Naturally, I felt conflicted. I also realized that my training as an actor and my training in meditation literally undid each other. Why? Because they were inherently opposite. One did all the work necessary to create identity (there are ways to make this intentional illusion very convincing to even your own mind), and the other emptied out those concepts. One makes you tight and emotionally reactive to every stimulus, the other makes the mind loose and open... gives patience. The two arts wire your mind in a different way.

Meisner and Method acting are quite extreme techniques (although this is the common way of acting in the US). There are other more representational styles of acting, such as what they have in Britain. Perhaps the Chekhov technique, although I've never tried. The Viewpoints is a fascinating technique based on tuning into abstract aspects such as "Sound" "Music" "Space" "Light" etc... The SITI company in NY was founded on this technique, and I think Viewpoints might be most suitable for Buddhists. Viewpoints was invented by a dancer.

The nature of Drama is conflict. (Whereas Dharma is exactly the opposite.) To play conflict on stage is to play conflict in yourself, which means to create conflict in yourself. Anything that enhances the emotions brings the person plummeting into confusion of samsara. It's interested to contemplate, as our culture is so entertainment-driven. What gives us pleasure to watch? What is it that churns our emotions? A Ch'an master I studied with in Taiwan would have his students watch movies as a practice. There were two ways to do this: 1) Watch the movie with complete equanimity, awareness. Don't get swept up in the "reality" of it. Once you get sucked in and forget that you are a person watching a movie, you believe into the illusion. Don't be fooled! 2) To choose a character in the film and identify with them and their circumstances as much as possible, to try and feel their emotions, etc... I believe this method is to tap into empathy and compassion on a relative level, to understand human illusion.
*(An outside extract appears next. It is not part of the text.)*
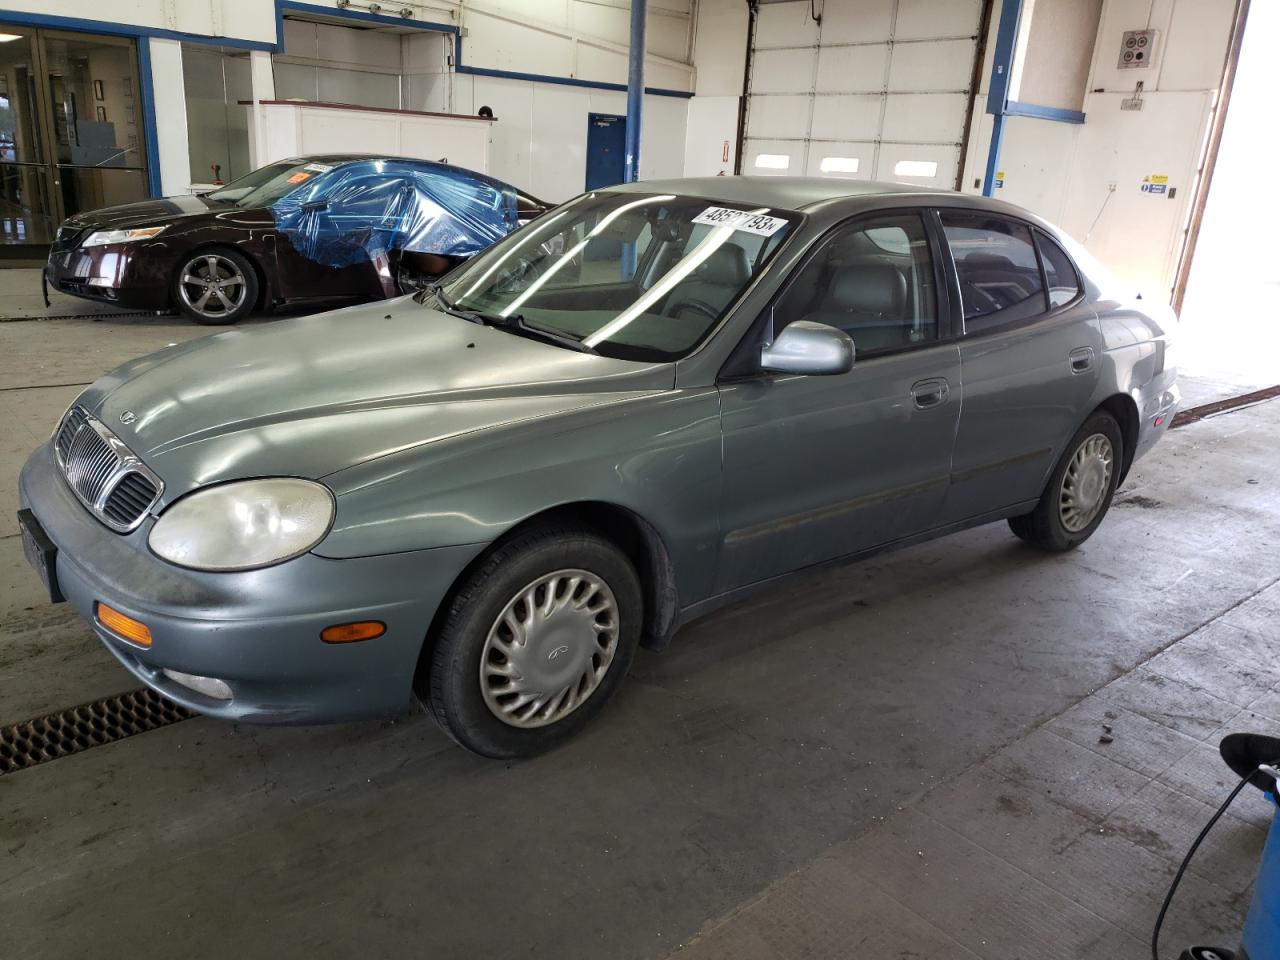 2001 Daewoo Leganza CDX for sale at Copart Pasco, WA Lot #48537*** |  SalvageReseller.com
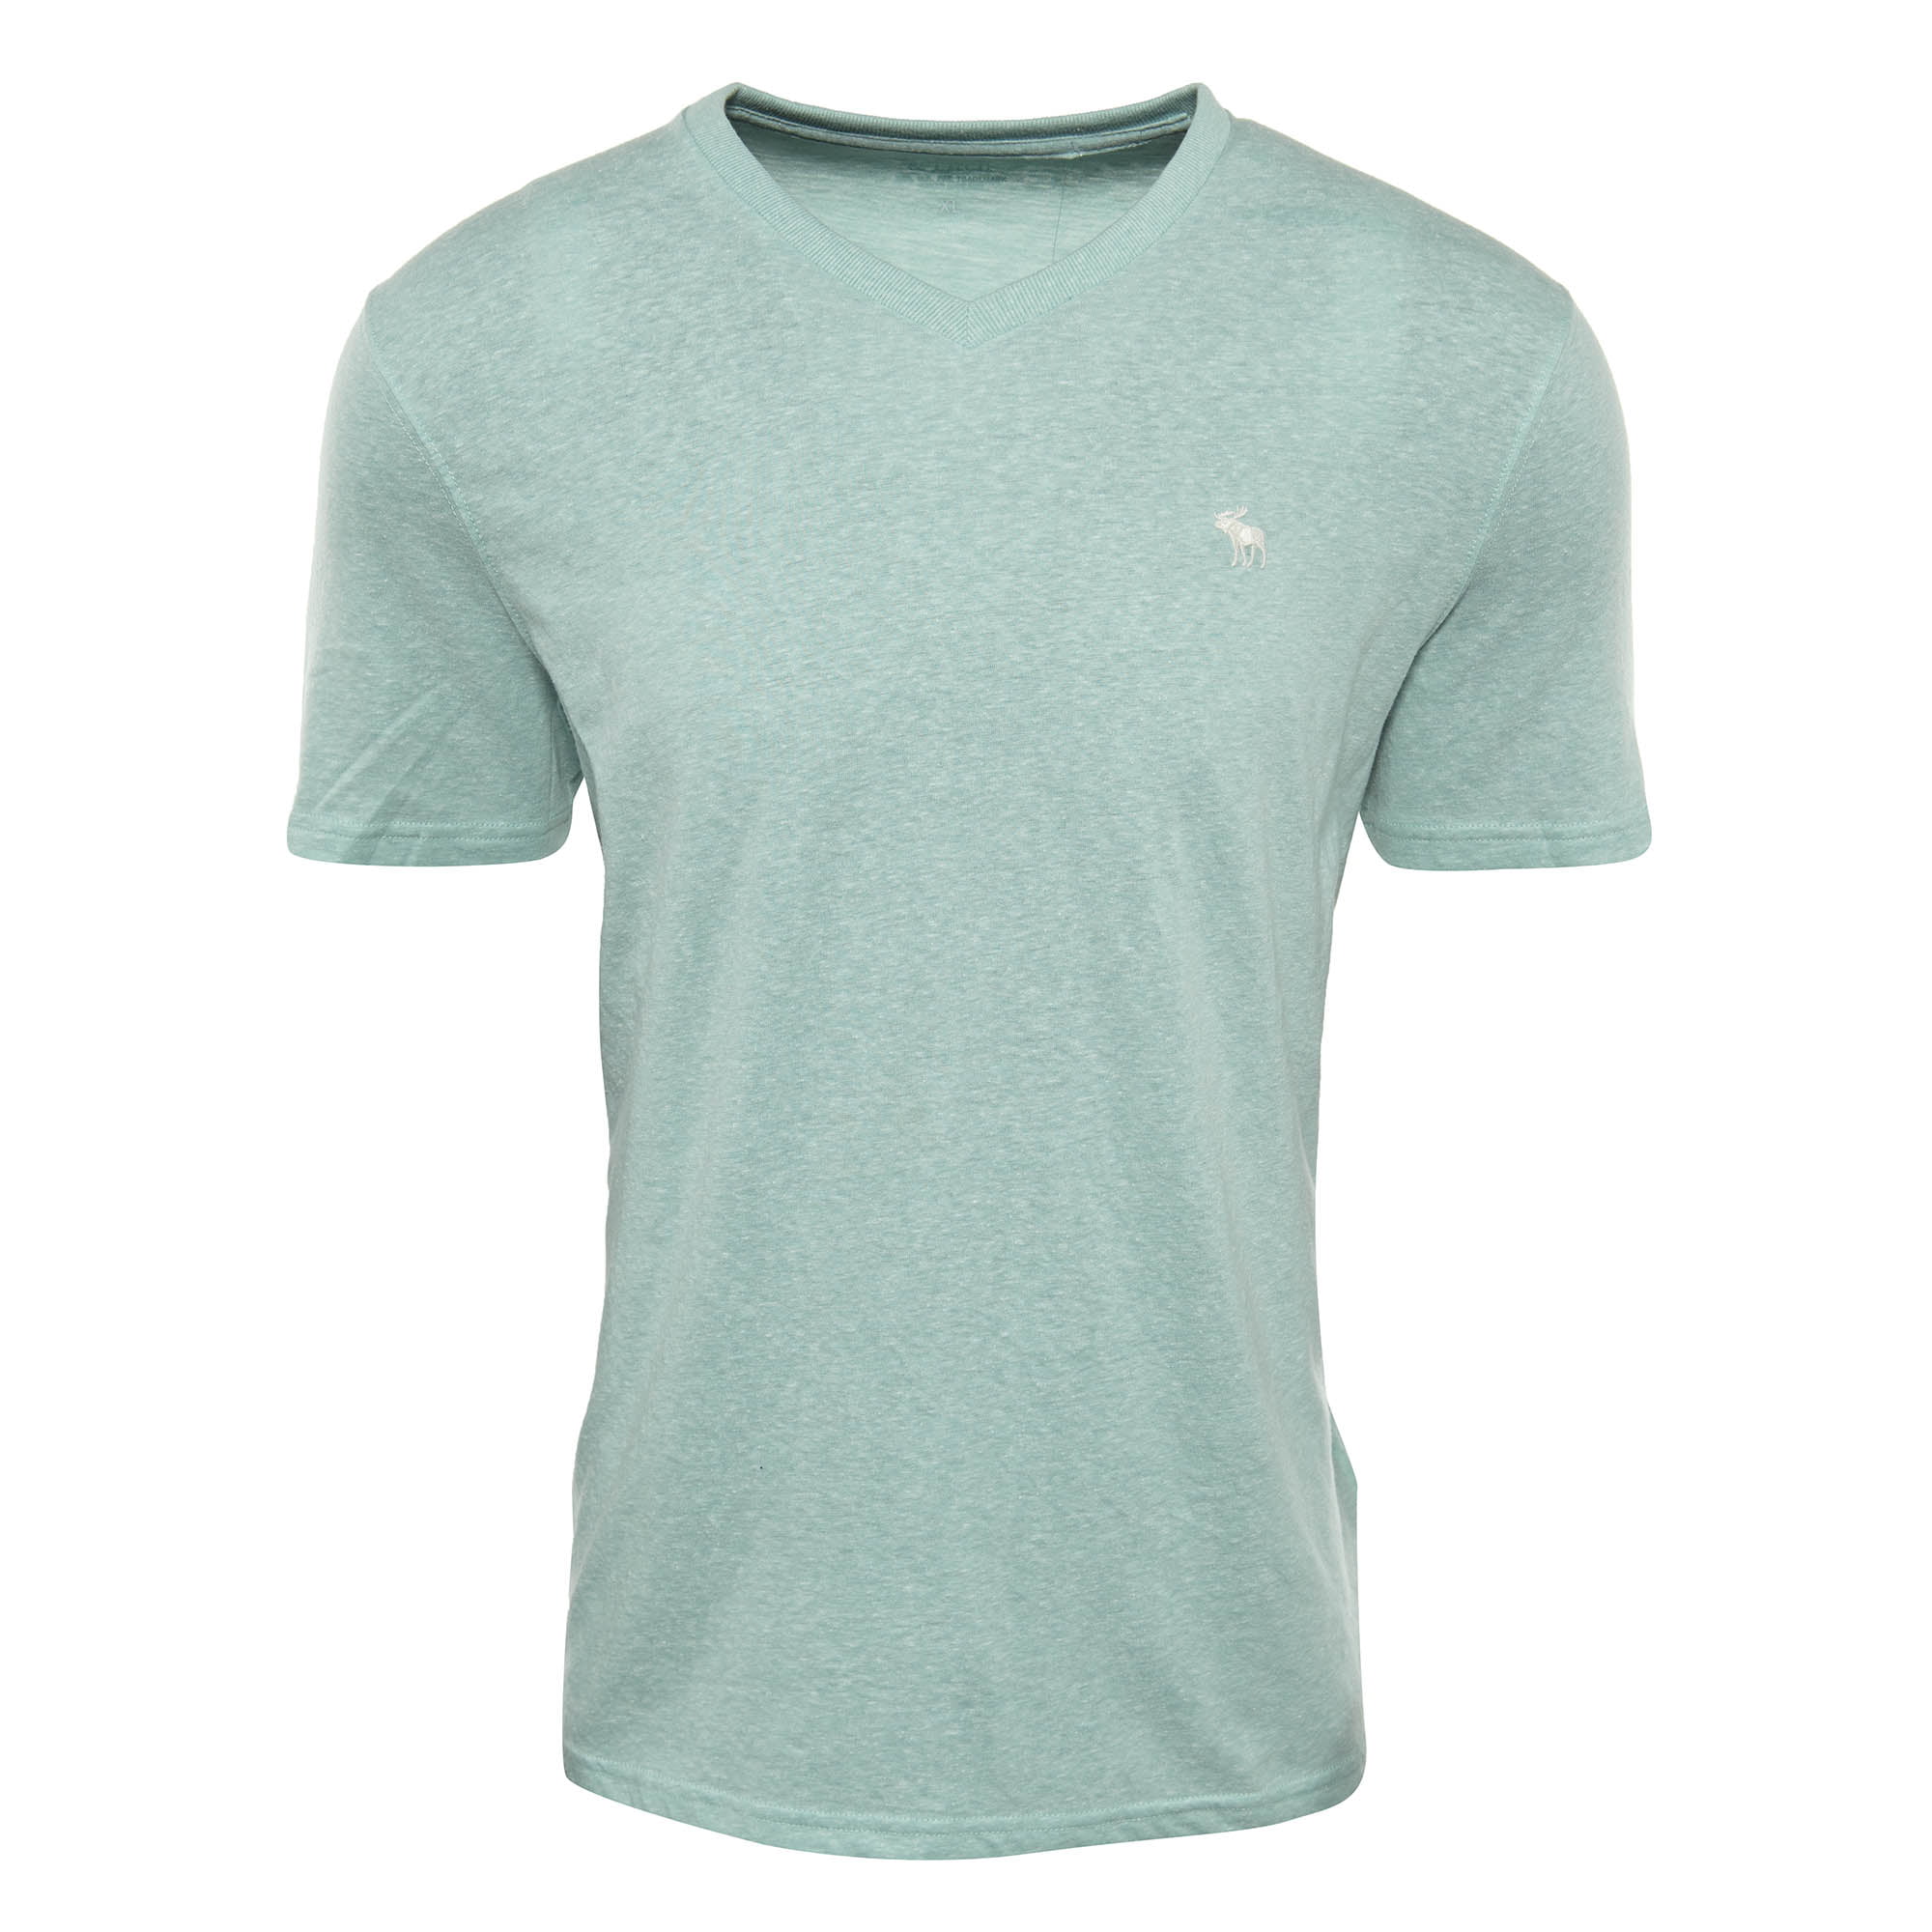 abercrombie fitch v neck t-shirt

It may also have to do with identifying completely with an Yidam. (It was a Ch'an and Vajrayana group.)

My Meisner teacher told me that in all of his 25 years of teaching, he's never had a successful Buddhist student. Yogis, yes. But never Buddhists. This really shook me up. I decided to stop meditating for the sake of the art. And I got better. So much better. But I also started to become a terrible person (in mine own eyes), very judgemental and uptight.

It's all about the view. Are you projecting ego? Are you creating illusions? Or are you uncreating them? Acting can give you deep insight into what society calls "human nature." But this is what the Heart Sutra calls 顛倒夢想 lit. upside-down dreams... topsy-turvy views... lopsided and unbalanced projections. As an actor, you choose to live in a dream, with all it's dreamlike pleasures and sufferings. You actually get paid to perfect your illusions, to create them in such a way that brings out the raw "Truth" of human experience and display it before an audience. Acting is basically a drug. It's for thrill-seekers.

When you start talking about emotions and enjoyments as being poison for the mind, people usually say something like, "But what about Tantra? They use emotions AS the path." I would say, if you have a tantric guru who has given you very clear instructions on how to "use" emotions on the path, trust your guru. But without a guru, there is no vajrayana. Without a guru, the sutra path is the safest way to go. (Maybe the only way to go if you want to practice Dharma.) Then there's zen... But almost everybody misunderstands zen, so I wouldn't take "zen" as a reliable guide to skillfully "using" emotions on the path. Anyway, it's all about attachment and non-attachment. Good not to get distracted from this Truth, as it is the essence of all Buddhadharma.

A question to ask in life: Am I more attached or less attached? Has this caused me more emotional affliction or less? Is this an antidote for the mind's clinging, or does it only enhance the poison?